Two types of probes are commonly used to couple signals from a waveguide transmission line to coaxial lines. The first is an electric field (E-Field) probe, which passes through the waveguide wall and extends into, but does not contact, the waveguide, such that it is aligned with or parallel to the electric fields of the primary mode in the waveguide. The second probe type is the magnetic field (H-Field) probe, which passes through the waveguide wall and extends into the waveguide where it is grounded to the waveguide wall forming a magnetic coupling loop. It is aligned such that the magnetic fields pass through the grounded loop. The electric field probes are normally preferred because they are simpler to construct and usually perform better than the magnetic field probes. However, the principles of this invention apply equally to both E-Field and H-Field probes.
A common method for constructing dual probe OMTs is to have two E-Field probes enter through the sidewalls of the waveguide. The two probes are located in separate planes normal to the waveguide axis and will be situated in a ninety degree or orthogonal relationship to each other. Typically, a first probe will be located one-quarter of a wavelength from the back wall, while the second probe will be three-quarters of a wavelength from the back wall.

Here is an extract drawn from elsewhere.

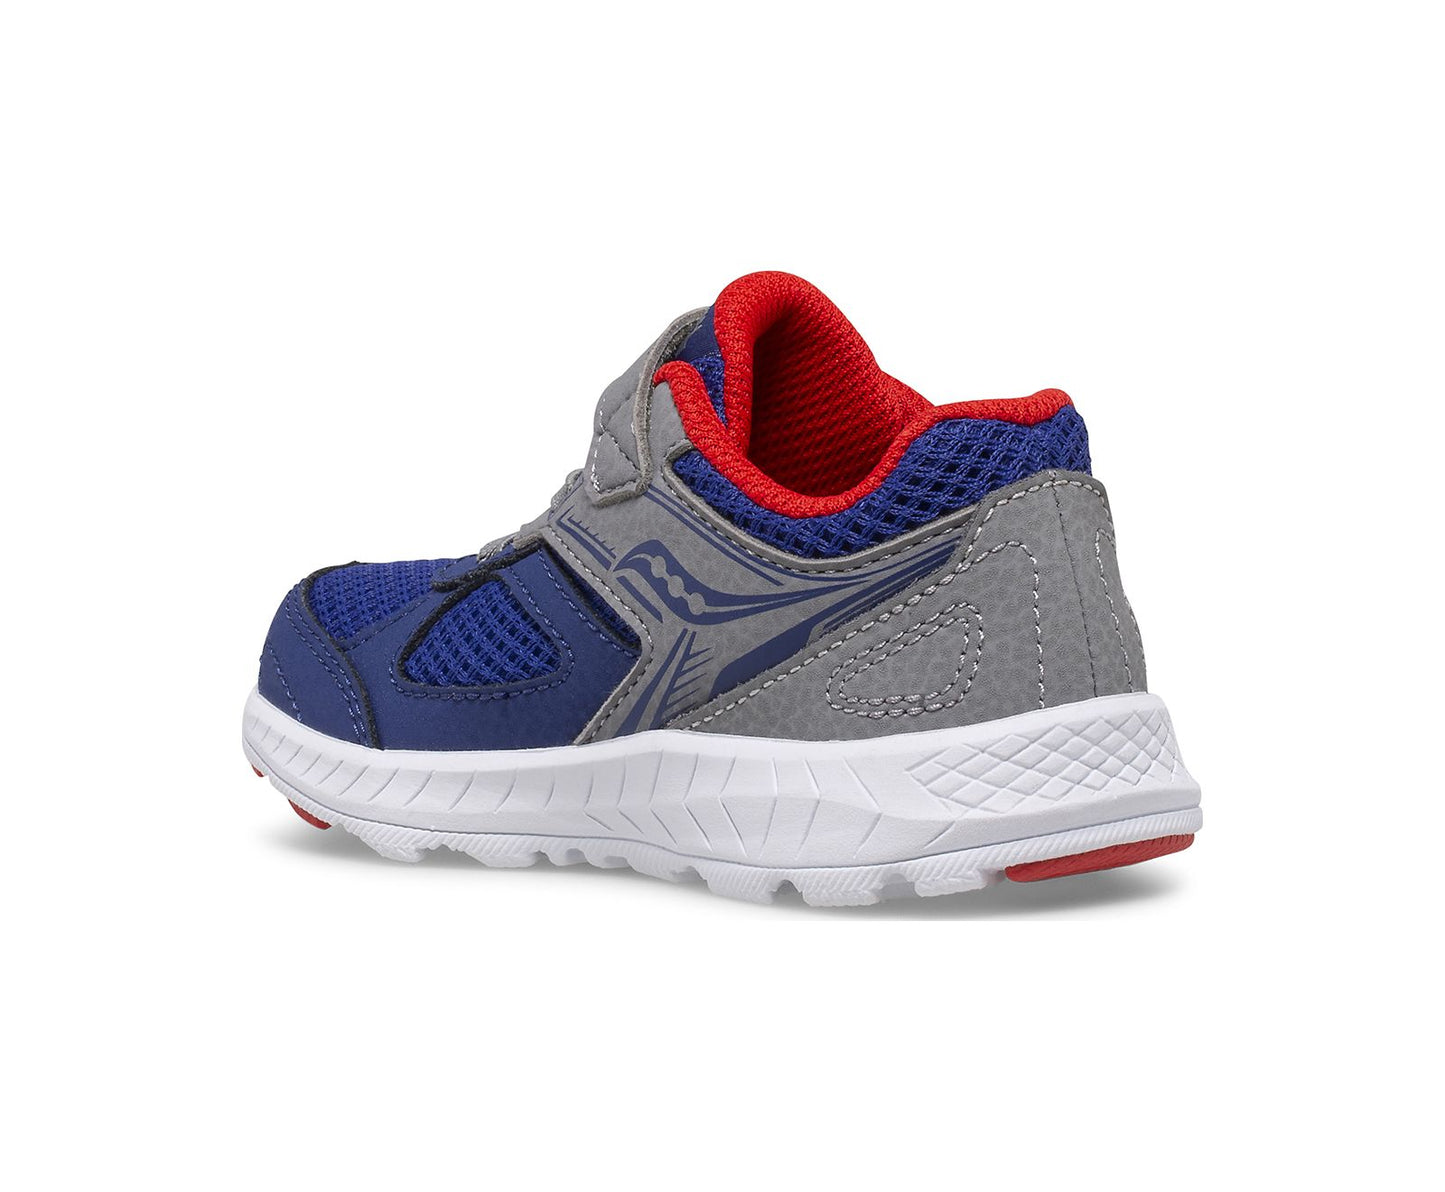 Cohesion 14 A/C Jr. Sneaker Navy/Red (4c-10c)

When receiving signals, this arrangement can present difficulties, since it is often desirable to have both signals routed to the same circuit board where the low-noise amplifiers ("LNA's") are located, or to a switch which alternately switches the first and the second probe to a single LNA. The line length between each probe and its LNA must be minimized to preserve the lowest noise figure possible for the system. Furthermore, the probes will tend to be limited by narrow band responses, particularly the one located the greater distance from the back wall.
When two or more probes are located in the same axial plane, they usually interact with each other, causing the signal from one probe to couple to the other probe(s). The mechanism for this cross coupling is usually the excitation of higher order modes, which can be excited as non-propagating or evanescent modes. An E-Field probe extending through the side wall of a circular waveguide will tend to excite the TM01 mode in addition to the primary or TE11 mode. Since the TM01 mode has electric fields which are aligned with both probes, cross coupling can result. Since the TM01 mode is a non-propagating mode in most cases, the second probe can be isolated by positioning it some distance away from the first probe.
Donald C. Cloutier (U.S. Pat. No. 4,595,890) discloses two E-Field probes extending through the back wall of a circular waveguide. This probe arrangement normally would suffer from cross coupling. However, in Cloutier's case each probe is in turn deactivated by diode switches located in the waveguide and connected directly to the probes.
Mon N. Wong et al (U.S. Pat. No. 4,965,868), by positioning four co-planar E-Field probes in a circular waveguide, was able to minimize the problem of cross coupling. Since each of the four probes will excite the TM01 mode along with the TE11 mode, there will be substantial cross coupling between all four probes. However, with the use of four probes, Wong is able to eliminate the cross-coupled component in a summing network connected to each diagonal pair of probes.
Hiroshi Kume et al (Japan Pat. #56-8301) recognized the benefits of routing the E-Field probes through the back wall of a circular waveguide. However, Kume, like Wong, resorted to the use of four probes and summing networks to minimize the effects of cross coupling between the probes.